▶ **Input data**

++++++++

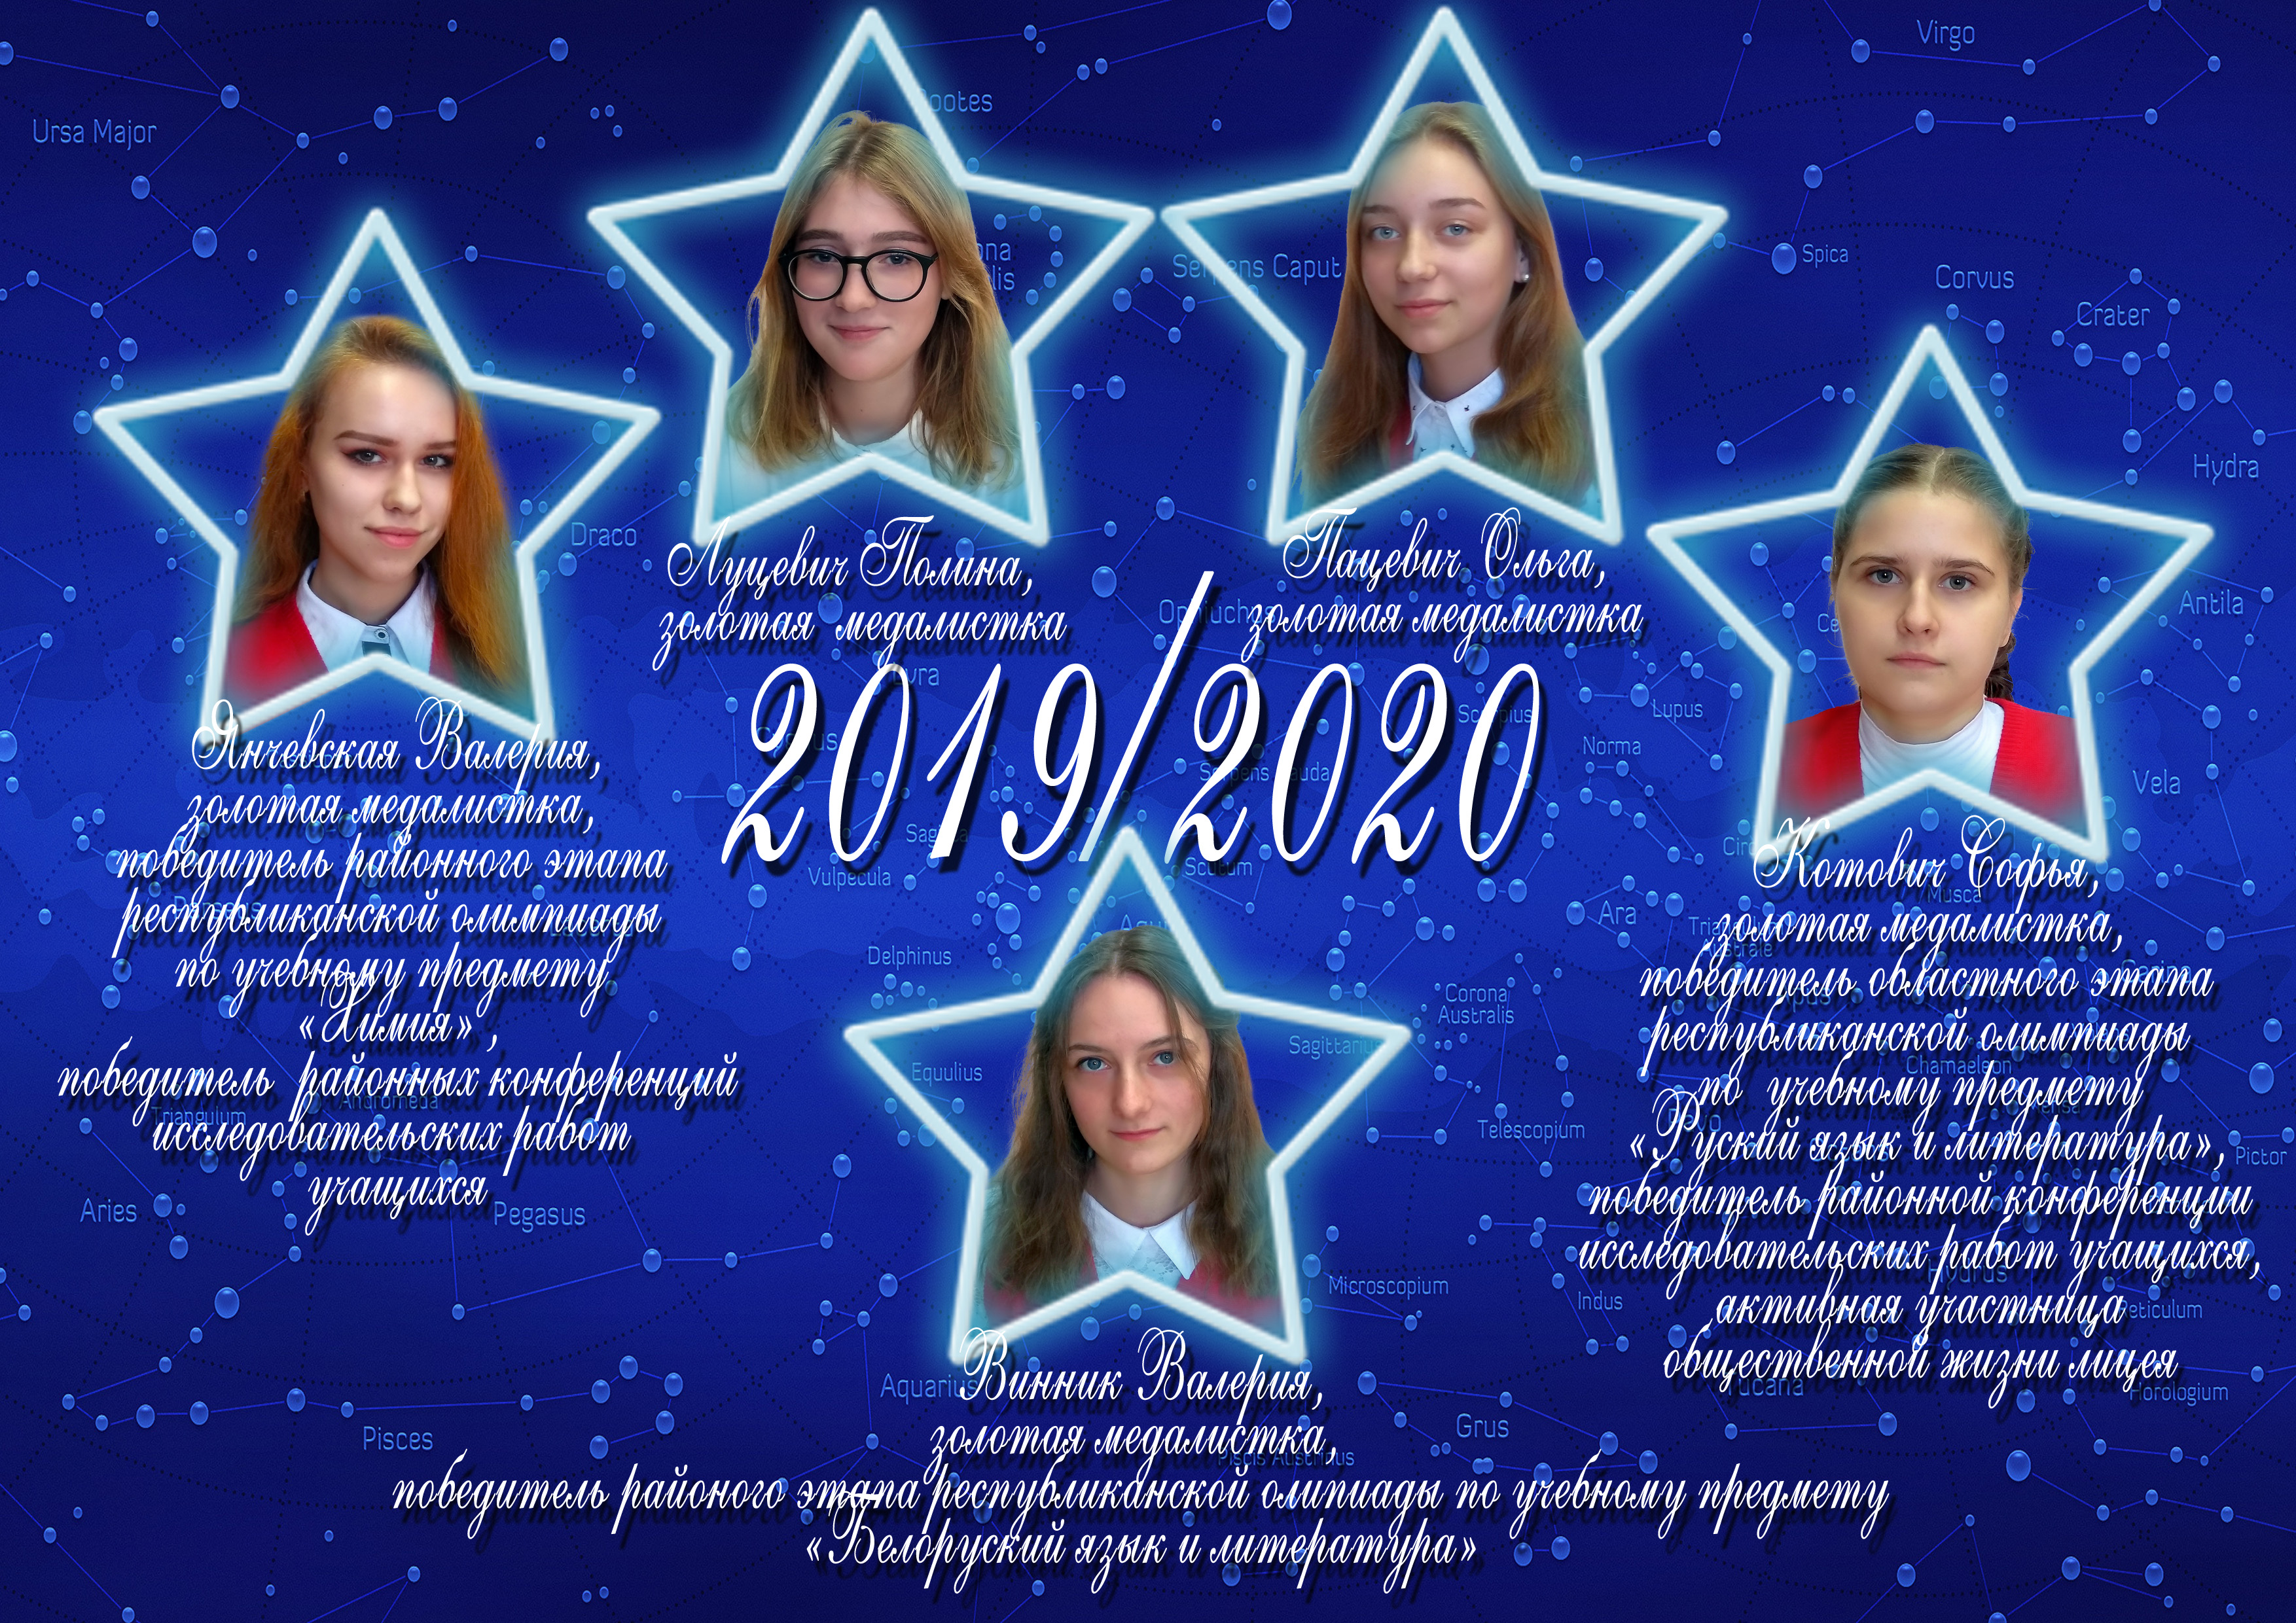 Созвездие лицея 2019/2020 учебного года
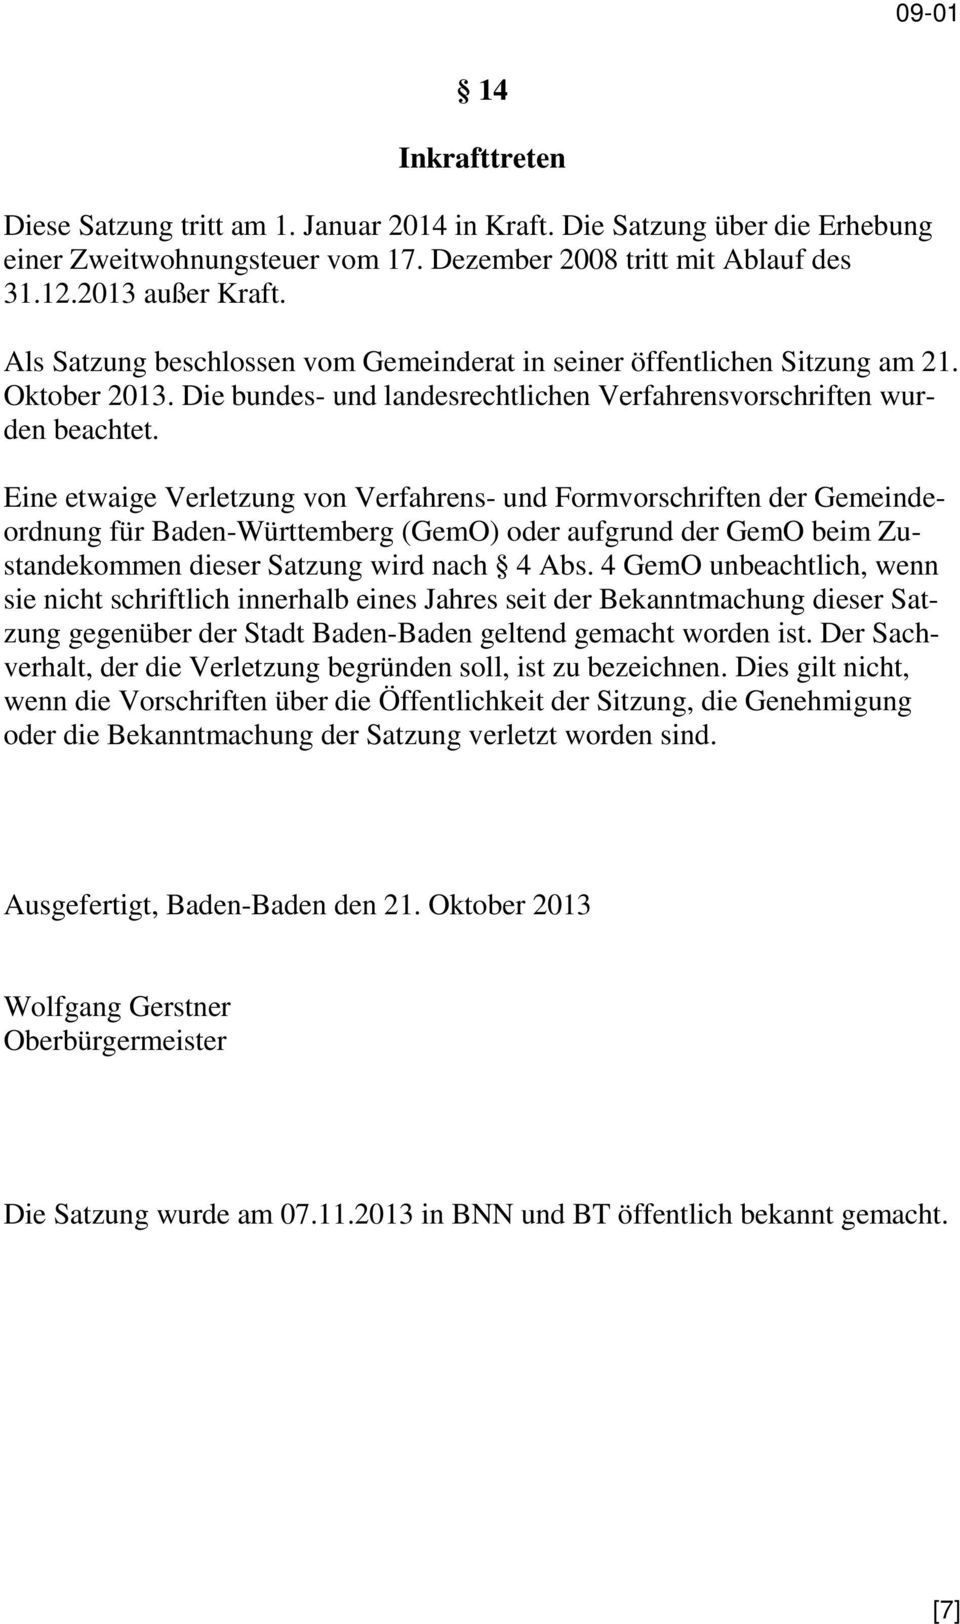 Eine etwaige Verletzung von Verfahrens- und Formvorschriften der Gemeindeordnung für Baden-Württemberg (GemO) oder aufgrund der GemO beim Zustandekommen dieser Satzung wird nach 4 Abs.
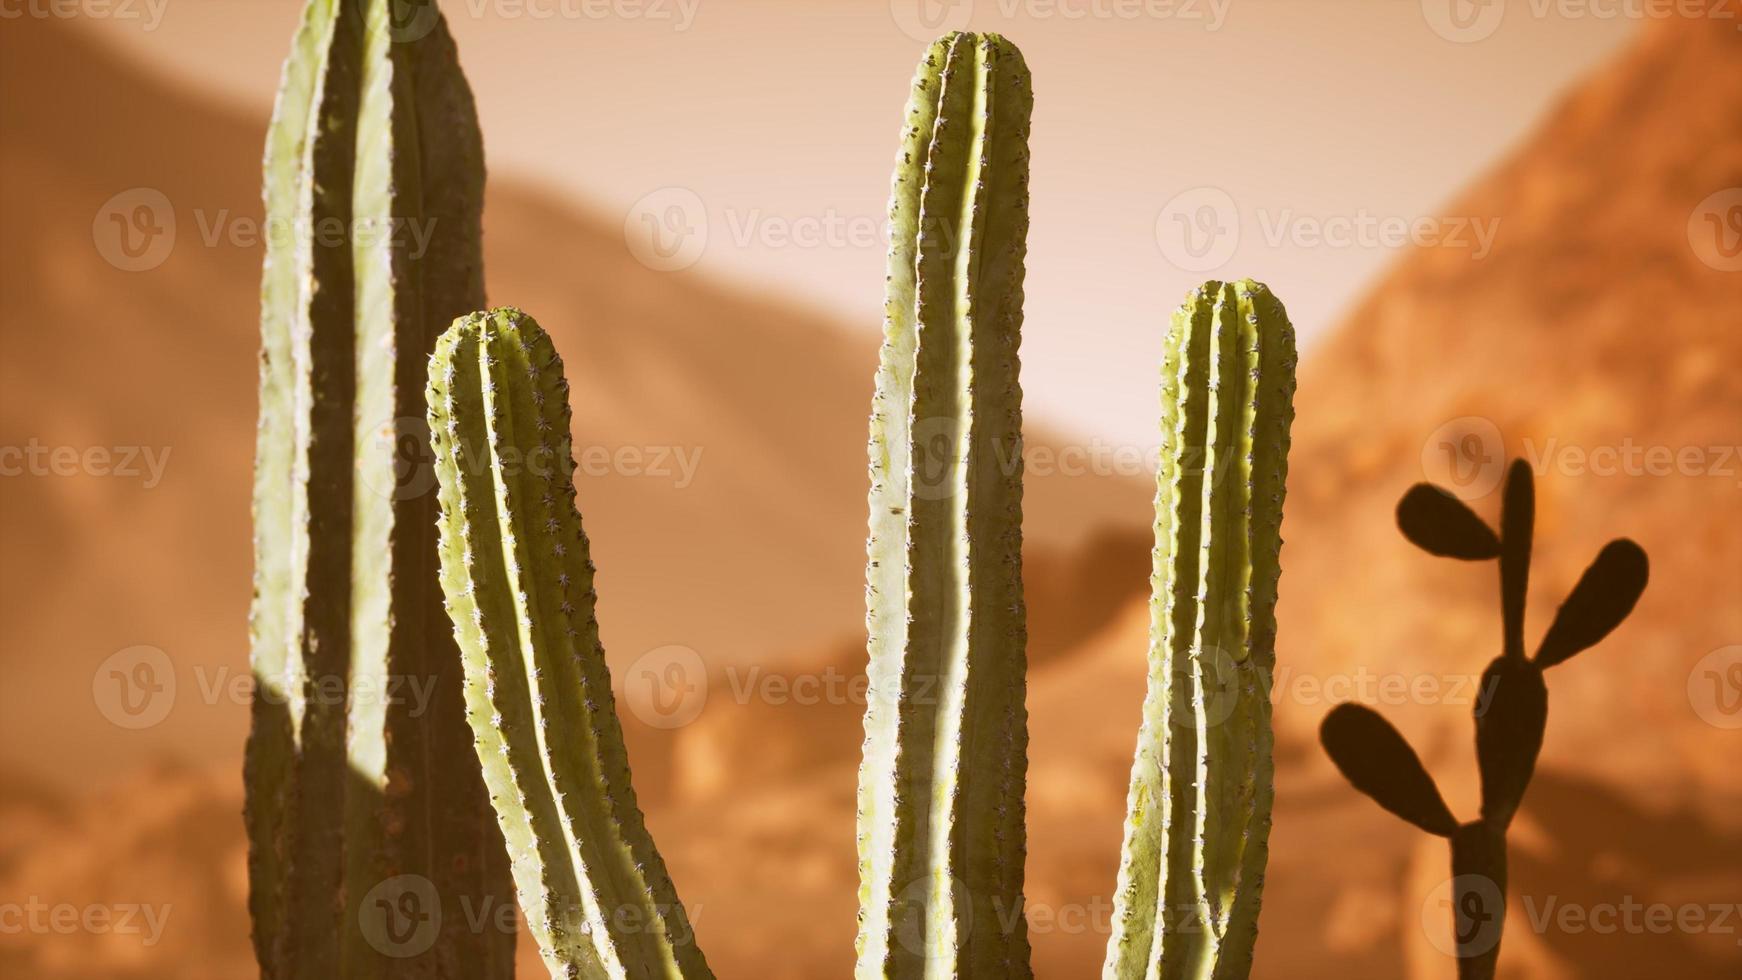 pôr do sol no deserto do arizona com cacto saguaro gigante foto
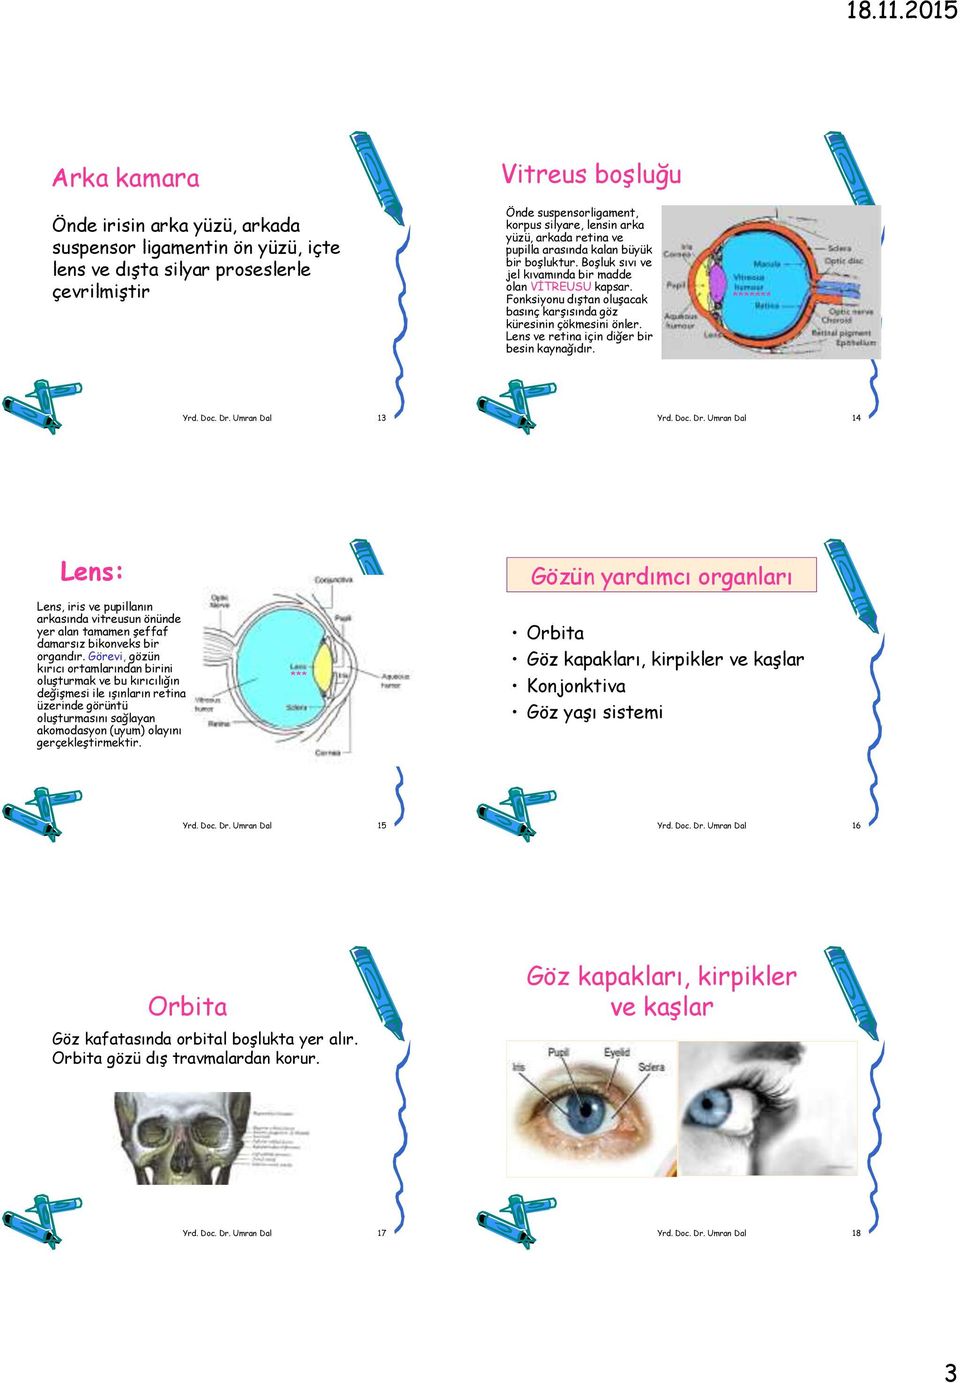 Lens ve retina için diğer bir besin kaynağıdır. ******* Yrd. Doc. Dr. Umran Dal 13 Yrd. Doc. Dr. Umran Dal 14 Lens: Lens, iris ve pupillanın arkasında vitreusun önünde yer alan tamamen şeffaf damarsız bikonveks bir organdır.

++++++++

▶ **Try it**
Repeat only the lines from the beginning of the material through the line containing "pôr do sol no", both ends kept, leaving pictures out.

▶ **Your solution**
 Созвездие лицея 2019/2020 учебного года
 Eine etwaige Verletzung von Verfahrens- und Formvorschriften der Gemeindeordnung für Baden-Württemberg (GemO) oder aufgrund der GemO beim Zustandekommen dieser Satzung wird nach 4 Abs.
 pôr do sol no deserto do arizona com cacto saguaro gigante foto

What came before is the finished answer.